**DATA BELOW**
——————
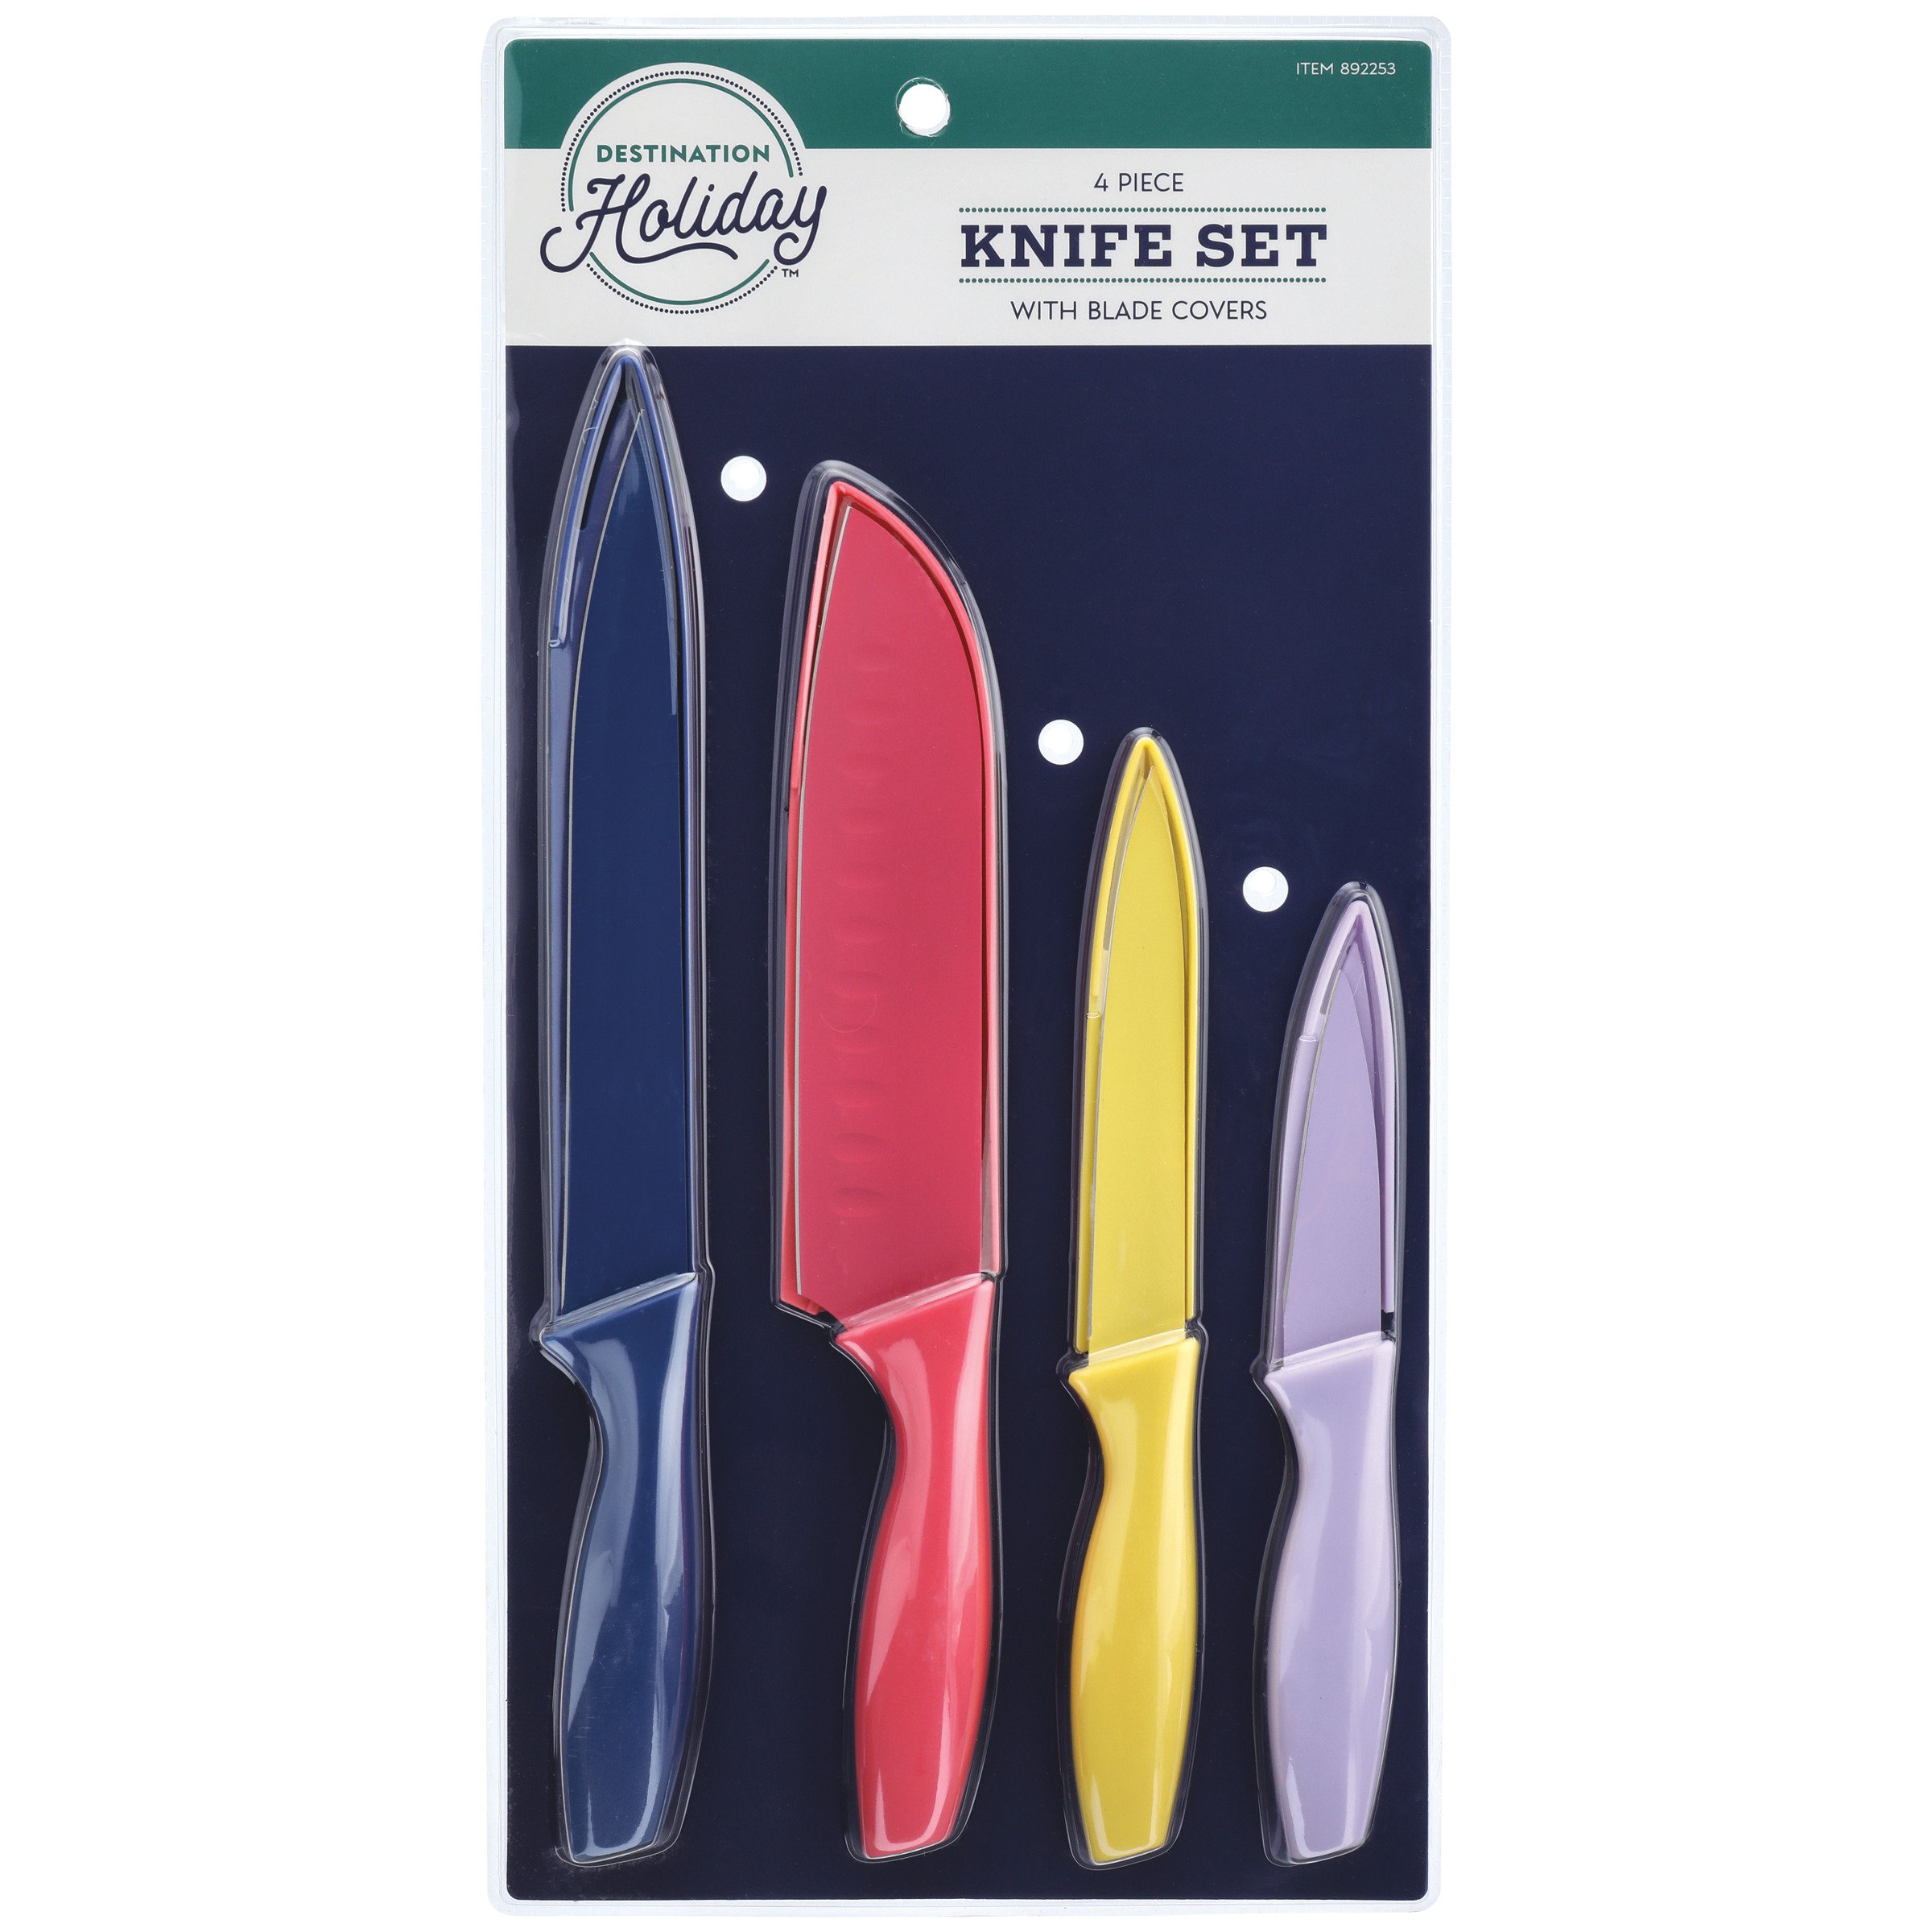 This $17 color-coded knife set with blade covers is perfect for summer
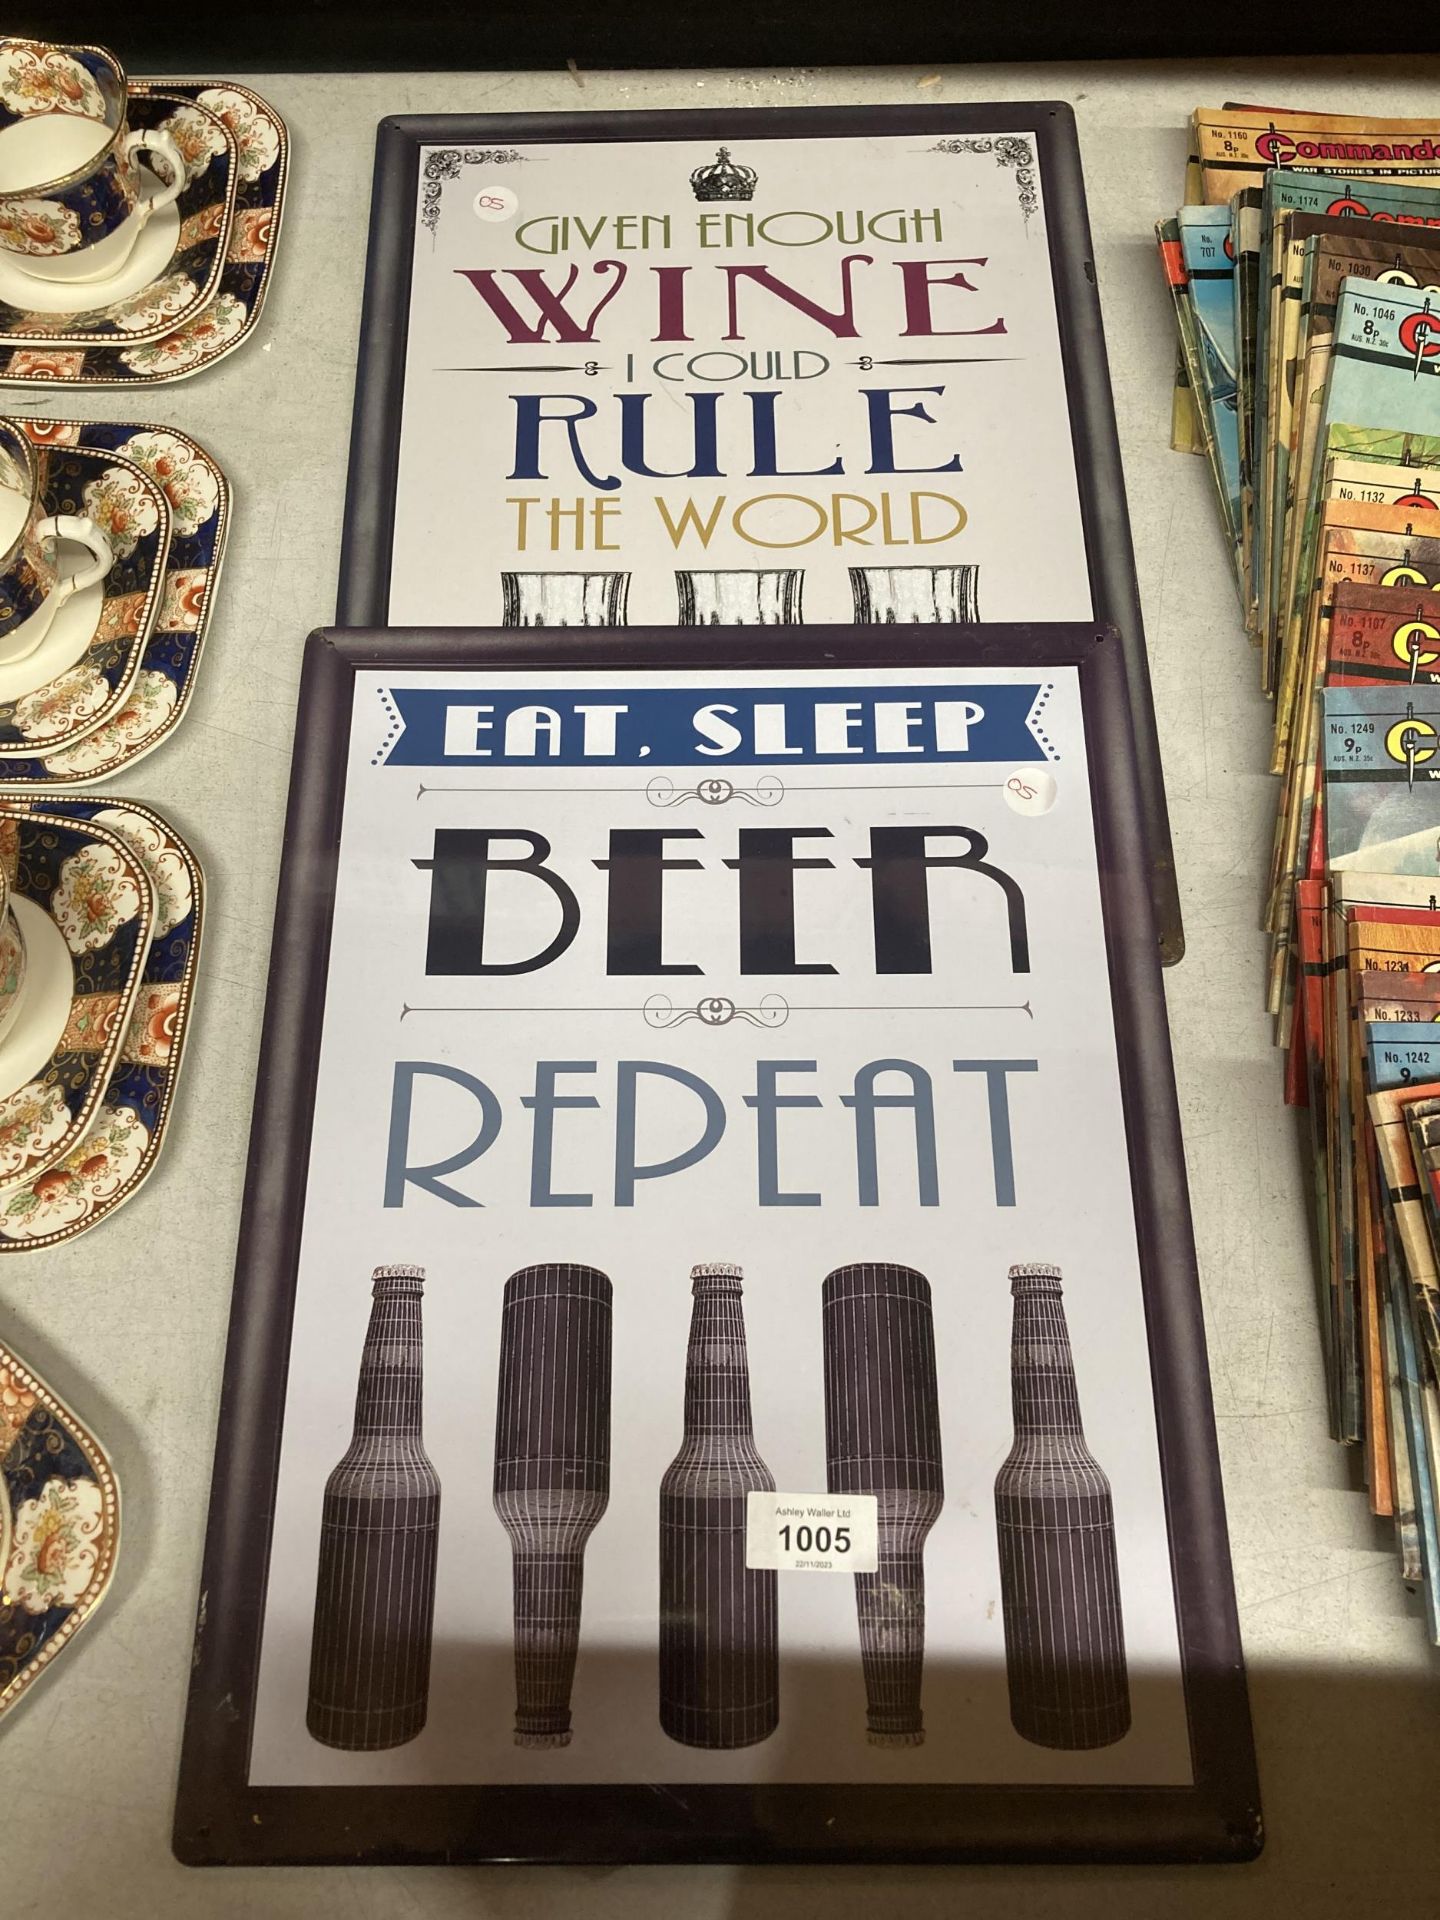 TWO METAL SIGNS, 'EAT, SLEEP, BEER, REPEAT' AND 'GIVEN ENOUGH WINE I COULD RULE THE WORLD', 30CM X
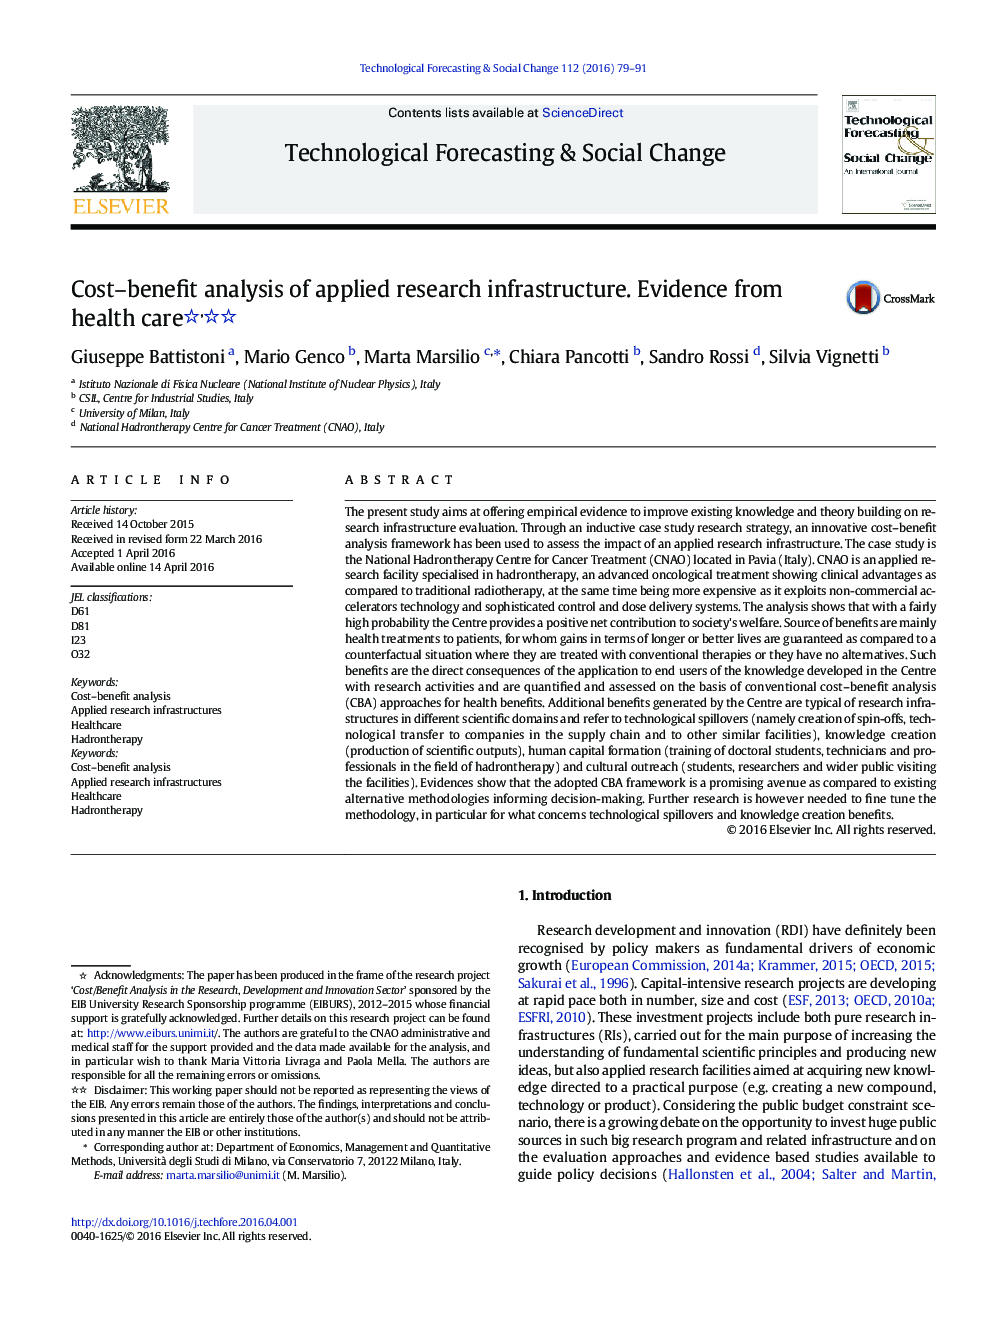 Cost-benefit analysis of applied research infrastructure. Evidence from health care
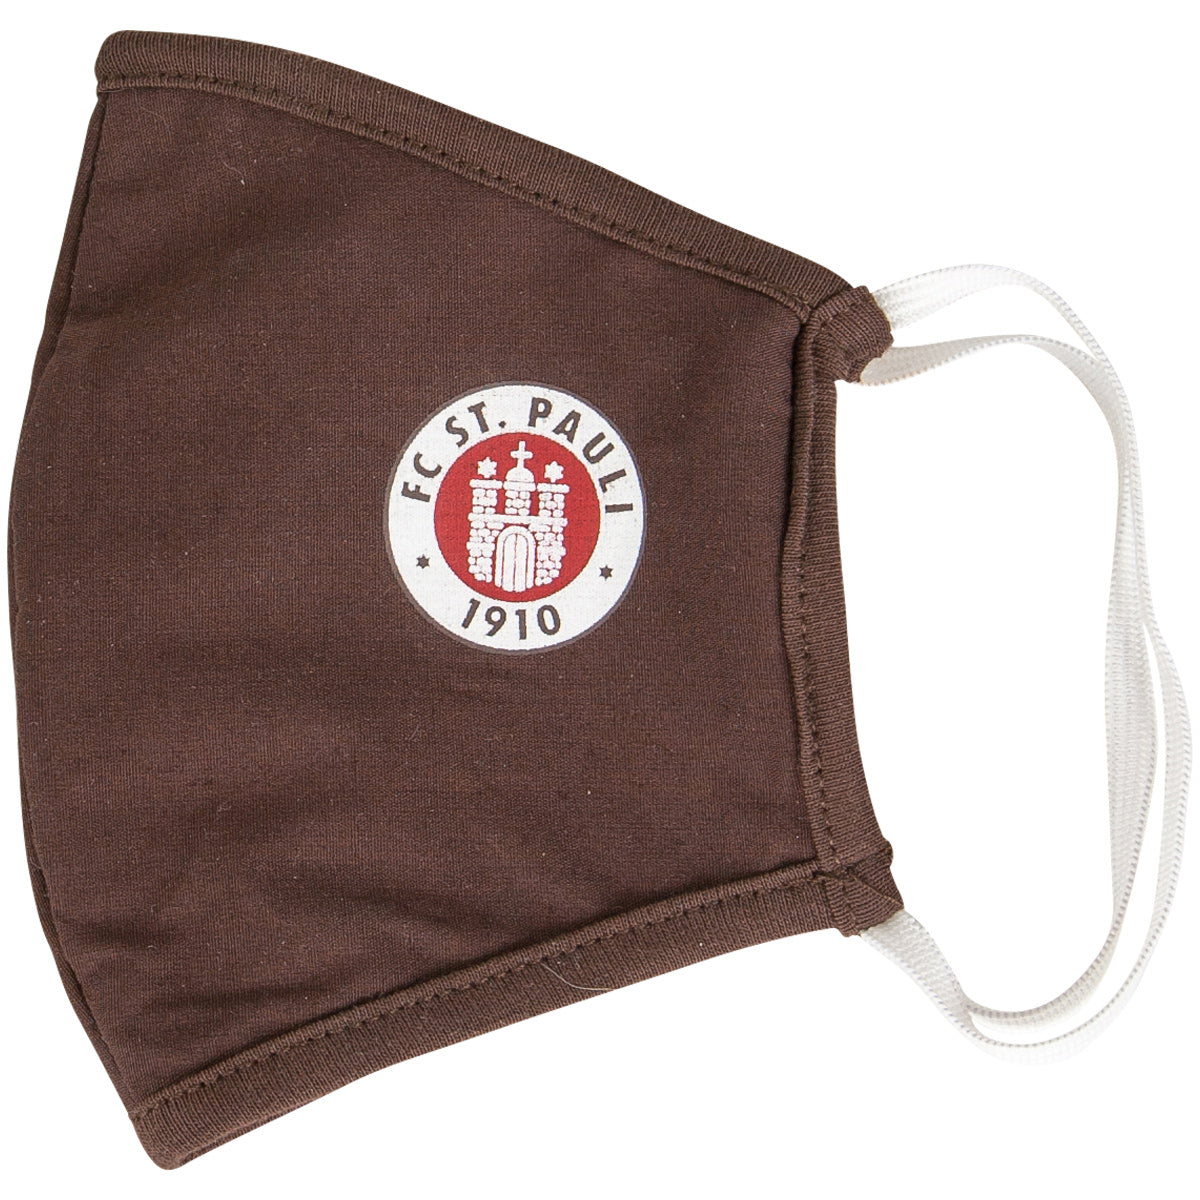 FC St.Pauli mouth covering mask logo brown
——————
**THE TASK**
Could you print the listing above exactly, without the pictures?

**WRITTEN RESPONSE**
 This $17 color-coded knife set with blade covers is perfect for summer
 TWO METAL SIGNS, 'EAT, SLEEP, BEER, REPEAT' AND 'GIVEN ENOUGH WINE I COULD RULE THE WORLD', 30CM X
 Cost-benefit analysis of applied research infrastructure. Evidence from health care
 FC St.Pauli mouth covering mask logo brown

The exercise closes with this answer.